The passing of Zeke Bratkowski. That sentence means something completely different today than it did for the previous 70 years.
Bratkowski, whose given name of Edmund Raymond had little to do with the one he was known by, died Monday at his home in Santa Rosa, Fla. He was 88.
Bratkowski forever will be known as one of the greatest passers of all time, a reputation that began with his time as quarterback of the Georgia Bulldogs. “The Brat,” his nickname then, was a two-time All-SEC selection and two-time SEC passing champion playing for the Bulldogs in 1952-53. That he did that while playing for some of Georgia’s less-competitive teams makes it an even more incredible accomplishment.
Bratkowski established virtually every passing record at a time when grinding out 10-7 wins was the preferred strategy of the day. Bratkowski passed for 1,824 yards in 1952 and 1,461 yards in 1953 and finished his career with 4,836 career passing yards. These feats were recognized by the more progressive NFL. After throwing touchdown passes of 50 and 60 yards in the Senior Bowl all-star game, Bratkowski was a second-round NFL draft selection and embarked on a 14-year pro career with the Chicago Bears, Los Angeles Rams, and Green Bay Packers.

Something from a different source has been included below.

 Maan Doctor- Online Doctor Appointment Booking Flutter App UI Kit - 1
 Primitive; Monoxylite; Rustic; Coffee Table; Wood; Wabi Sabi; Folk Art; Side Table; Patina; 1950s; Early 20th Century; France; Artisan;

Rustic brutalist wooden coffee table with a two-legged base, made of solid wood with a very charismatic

But he was best known as Bart Starr’s backup, and best friend.
“Oh, they were very, very close,” UGA historian Loran Smith said of the two Packers’ quarterbacks. “Not just during the season, but their families were close and they spent time together year-round.”
Smith remembers Bratkowski as a football player who could truly do it all.
“One year, he led the nation in passing, punting and interceptions,” Smith said. “That’d be interceptions thrown. But he was truly exceptional throwing the football. He just got caught up being at Georgia during the time of one-platoon football.”
Actually, Bratkowski led the nation in passing in ’52 and punting in ’53.
Bratkowski remained an expert on passing into his final years. After his playing days, Bratkowski became a longtime NFL offensive coordinator. And even after retirement, his services were being sought.
Former Florida star Tim Tebow hired Bratkowski as his personal passing coach in 2010 as Tebow tried to make his way with the Denver Broncos.
Finally settling on Santa Rosa Beach in the Florida panhandle, Bratkowski turned his attention to assisting in hurricane relief efforts.
Bratkowksi belongs to the Georgia Sports Hall of Fame (inducted in 1980), the National Polish-American Sports Hall of Fame (1995) and the UGA's Circle of Honor (2006) in addition to the Packers Hall of Fame (1989).
A funeral service will be held at 11 a.m. Monday at Saint Rita’ Catholic Church, 137 Moll Drive, Santa Rosa Beach, Florida 32459 with Father Michael Hartley officiating. Burial is to follow at Gulf Cemetery with military honors provided by the U.S. Air Force.